The stripped-down, all-covers collection 'A Letter Home' was recorded in a vintage vinyl recording booth at Jack White's Nashville studio; 'Storytone,' which includes 10 new songs written by Young, was made with assistance from a 92-piece orchestra, choir and big band. But they have one thing in common: a sense of intimacy you usually don't get when Young plugs in and rages gloriously with a rock band.

In a way, 'Storytone' is both a reaction and complement to 'A Letter Home,' a record so slight that its release almost went unnoticed by fans. 'Storytone' is no more forceful, but Young's ambitious scope here -- some of the tracks were recorded with a marginally smaller 60-piece orchestra -- comes off as a grander plan than just sitting in a 1947 recording booth by himself, singing songs made famous by the likes of Bob Dylan, Willie Nelson and Bruce Springsteen.

But it's also a more scattered and unfocused record, with the orchestral set pieces bumping against big-band tunes, which in turn bump against songs featuring just Young with piano, harmonica and minimal accompaniment. If anything, 'Storytone' is pulled together by thematic ties rather than musical ones. On songs like 'Plastic Flowers' and 'Who's Gonna Stand Up,' Young laments the widespread environmental damage we're doing to our planet, all the while wondering who'll "protect the land from the greed of man."
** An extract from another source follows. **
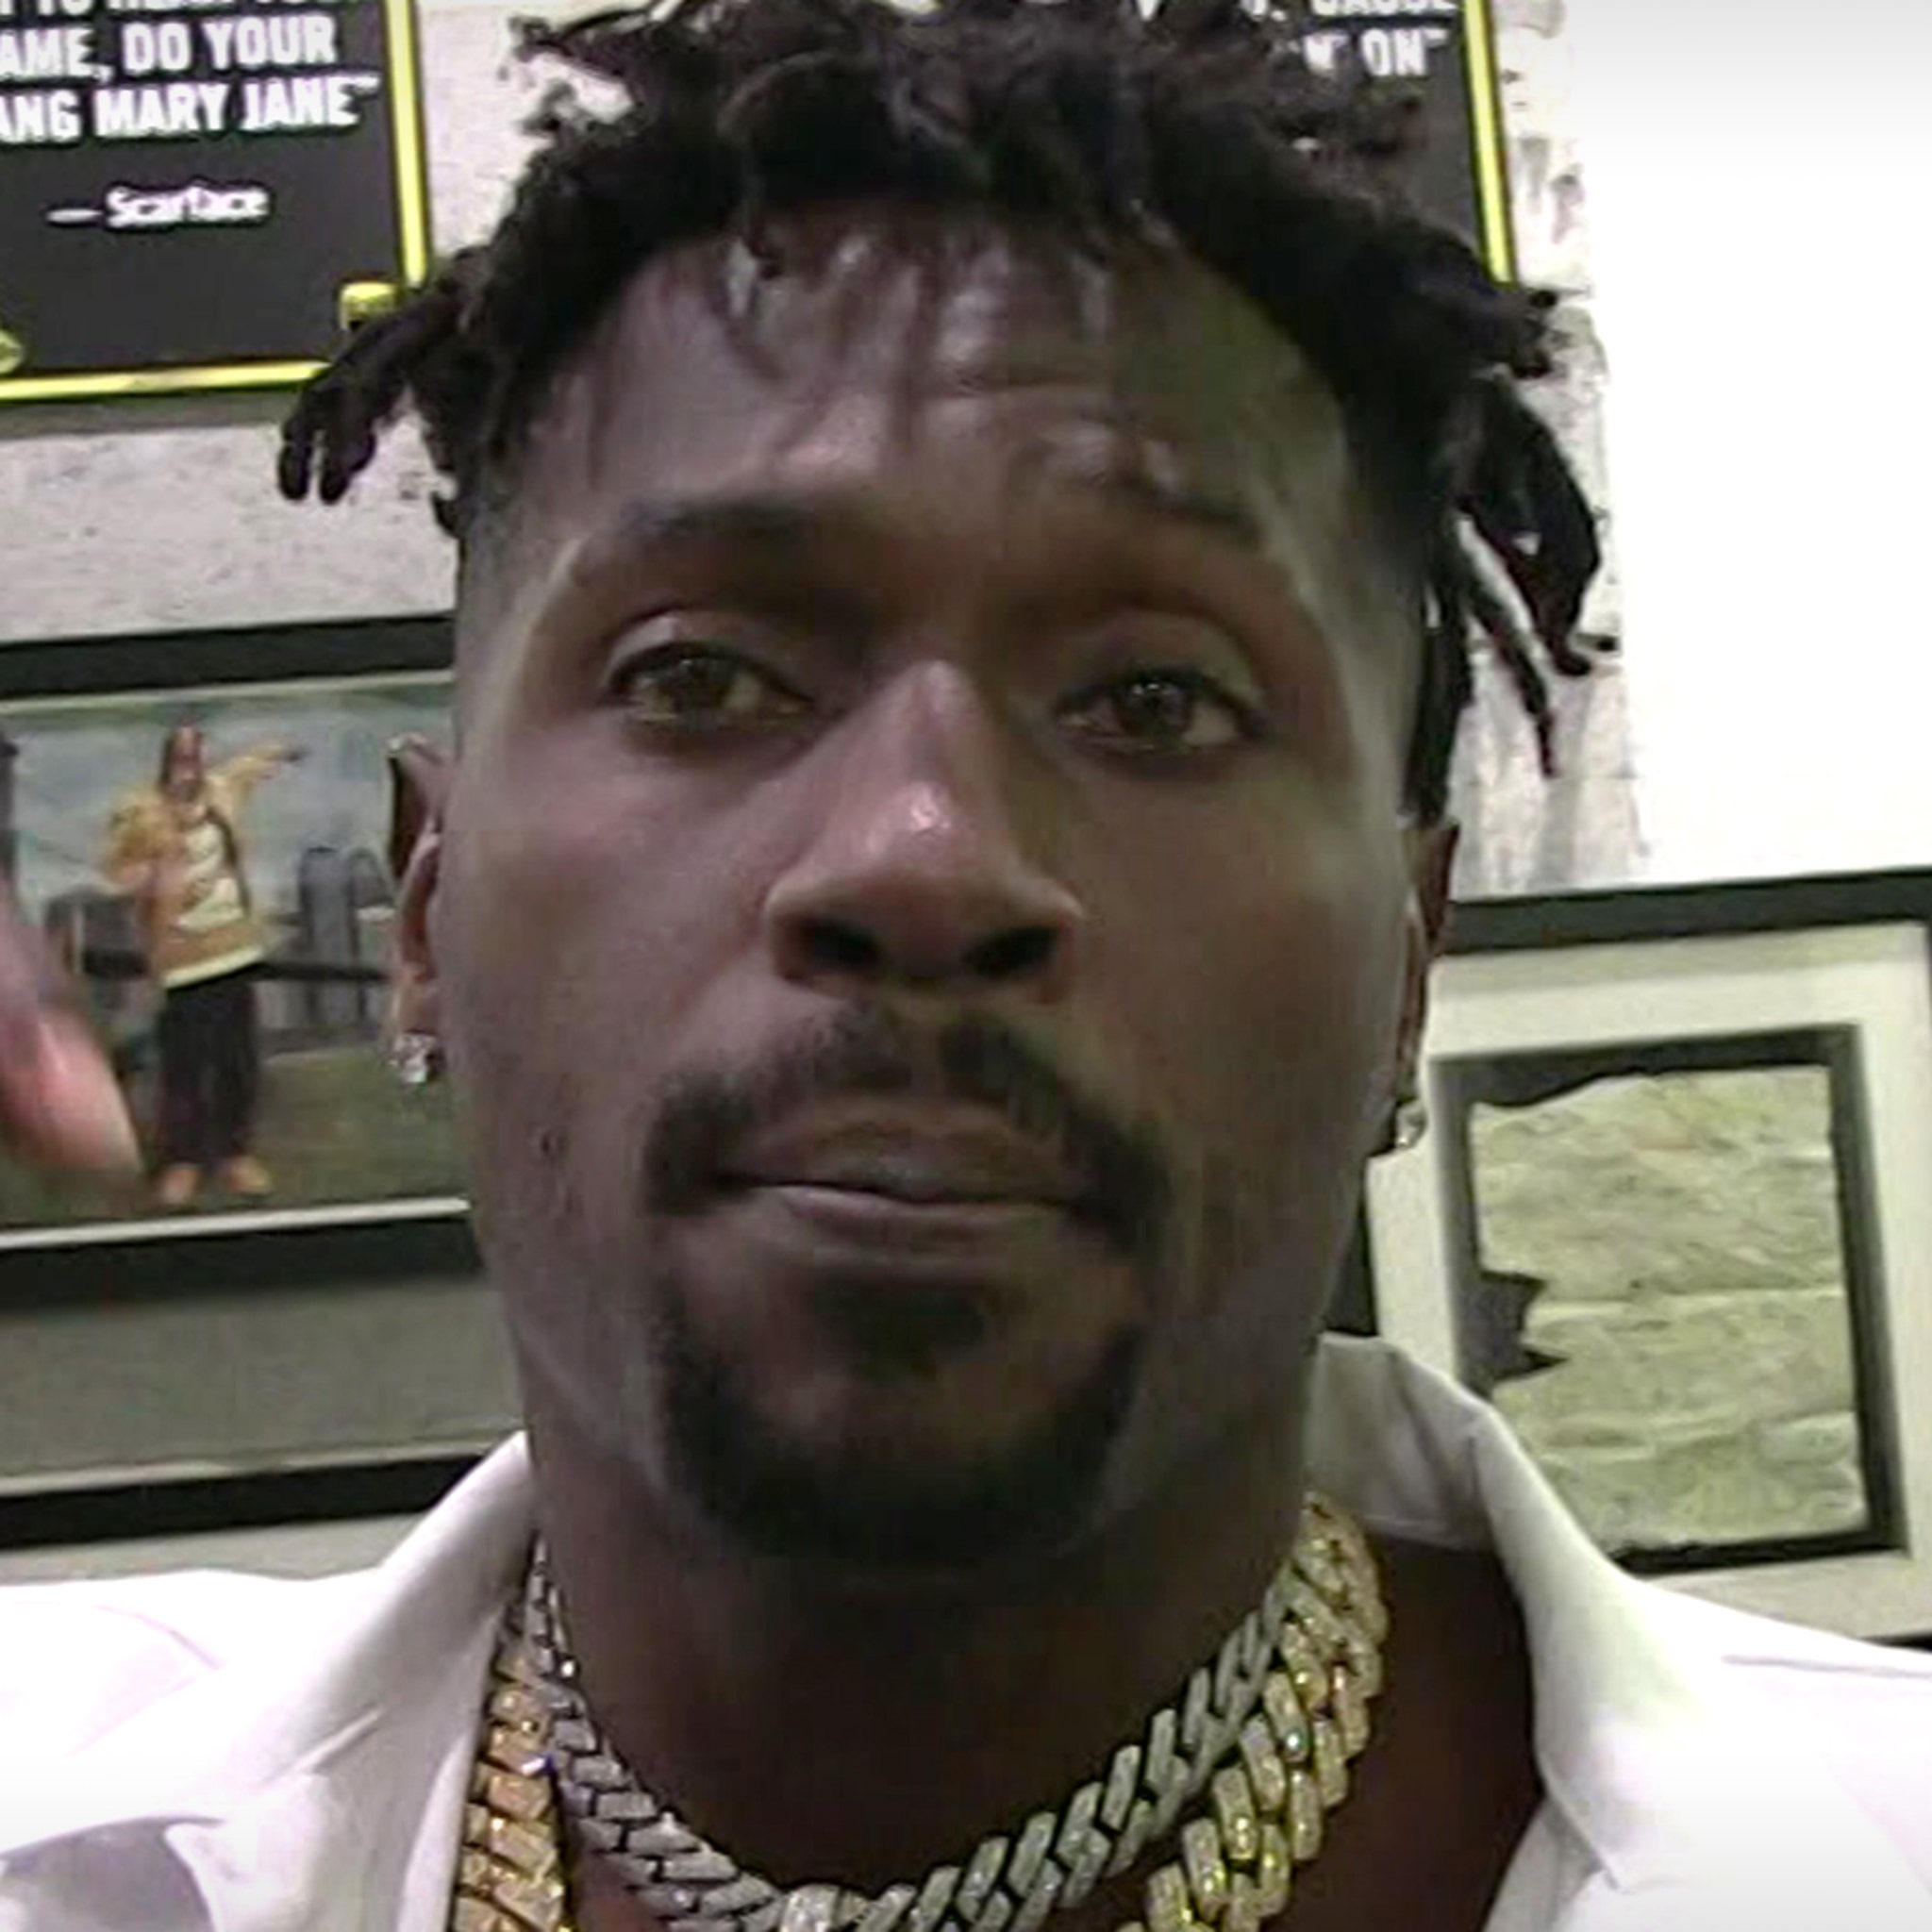 NFL Star Antonio Brown Kicked Off Snapchat After Posting Sexually

It's a recurring theme. On the shuffling, bluesy 'I Want to Drive My Car,' he takes the road song for a spin, steering it into similar thematic territory as horns (the brass kind) blast away. "I gotta find some fuel," he sings, and you know he's got one eye on big oil as the words leave his mouth. It's an escape, and for the most part, that's what 'Storytone' is all about: Young breaking free from his zone.

Not that he hasn't strayed from the rock 'n' roll path before -- see his detours into rockabilly, electronic music, R&B, country, and various other excursions over the years. 'Storytone' certainly isn't as radical as, say, 'Trans,' but the big orchestra, more so than the big band, give Young and his music a gravitas not found on past records. (Just compare the songs with their acoustic versions on the album's deluxe edition.)
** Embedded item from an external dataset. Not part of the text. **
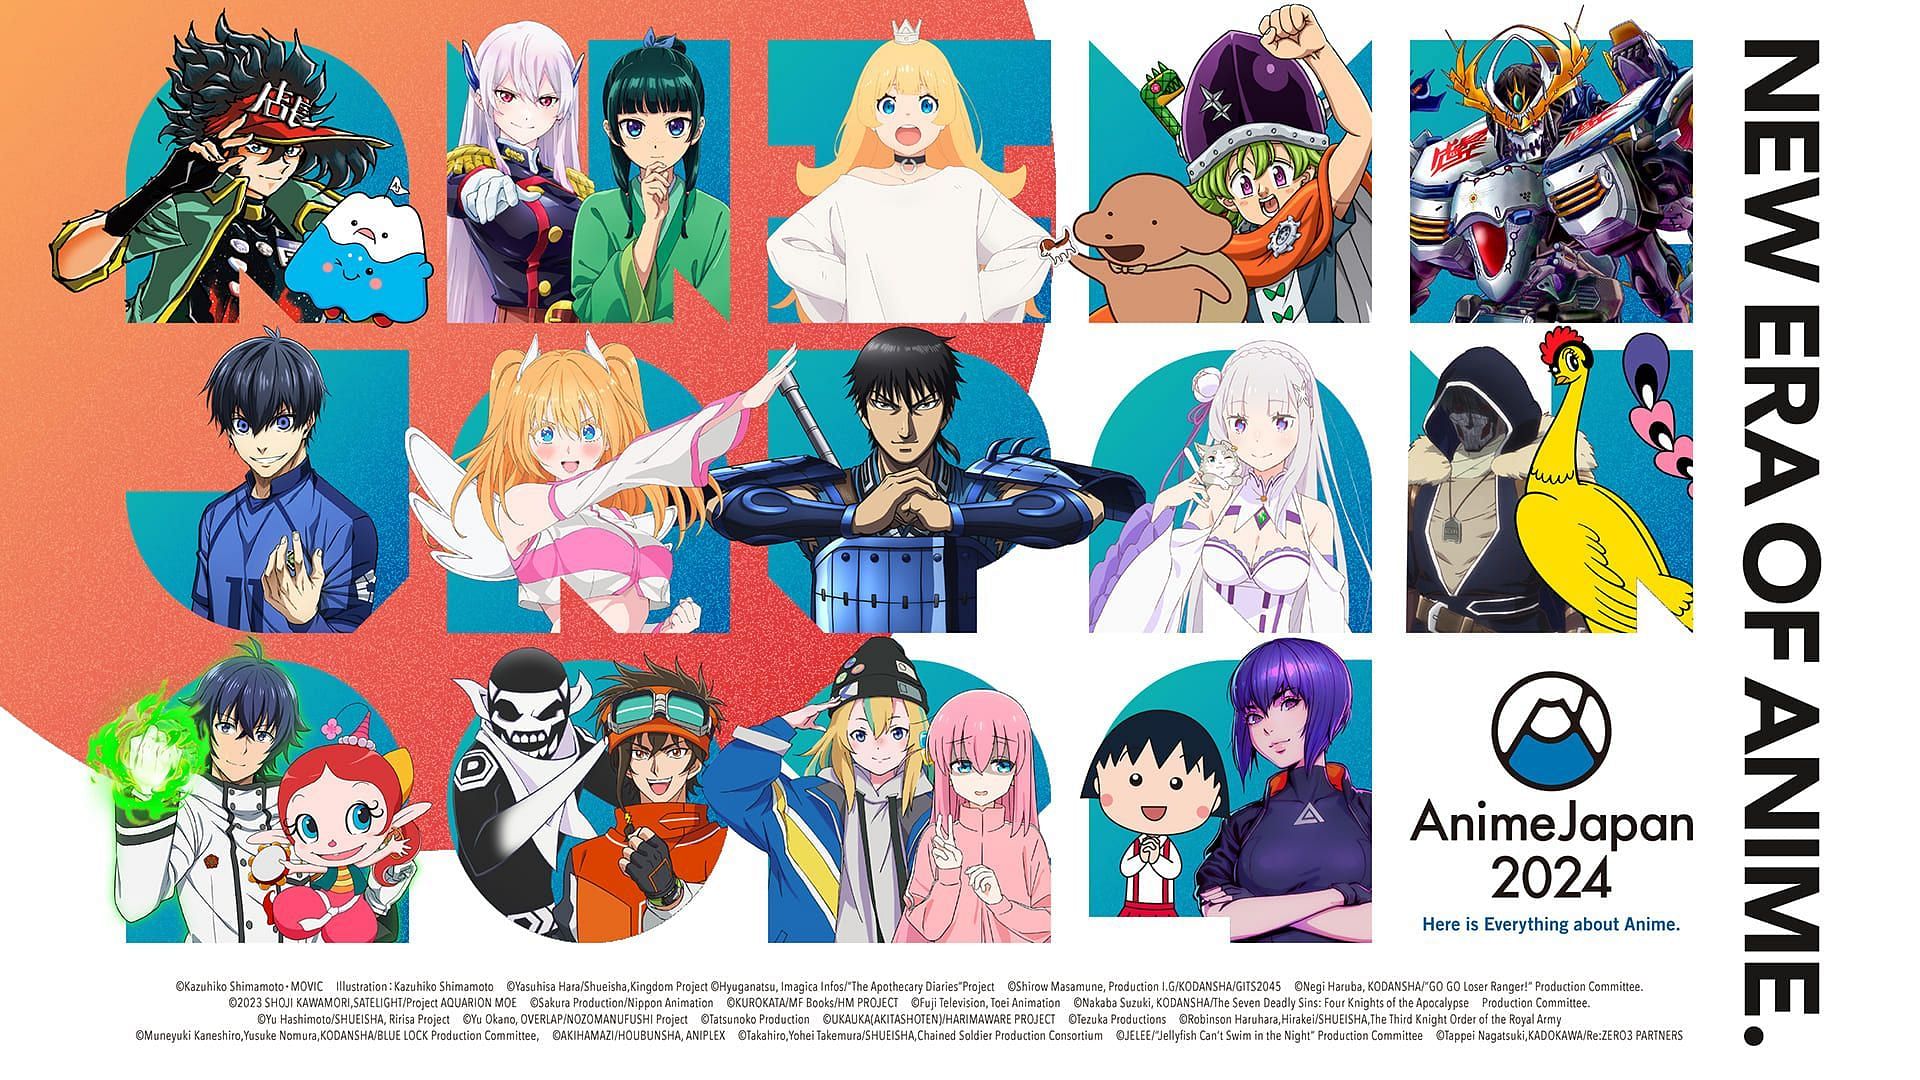 Anime Japan 2024 full schedule and what to expect (Image via Anime Japan)

Still, these stylistic leaps ultimately make this a record without much direction, especially because the environmental theme doesn't hold up the entire time. 'Storytone' also contains love songs, a jumpy swing cut about Chicago and that car tune, which really can go either way. It's telling that the best song on this ambitious project is its most simple, Neil Young-like one, 'When I Watch You Sleeping,' a twangy acoustic-and-harmonica kiss straight from the 'Comes a Time' songbook. Sometimes those old familiar roads are the most comforting.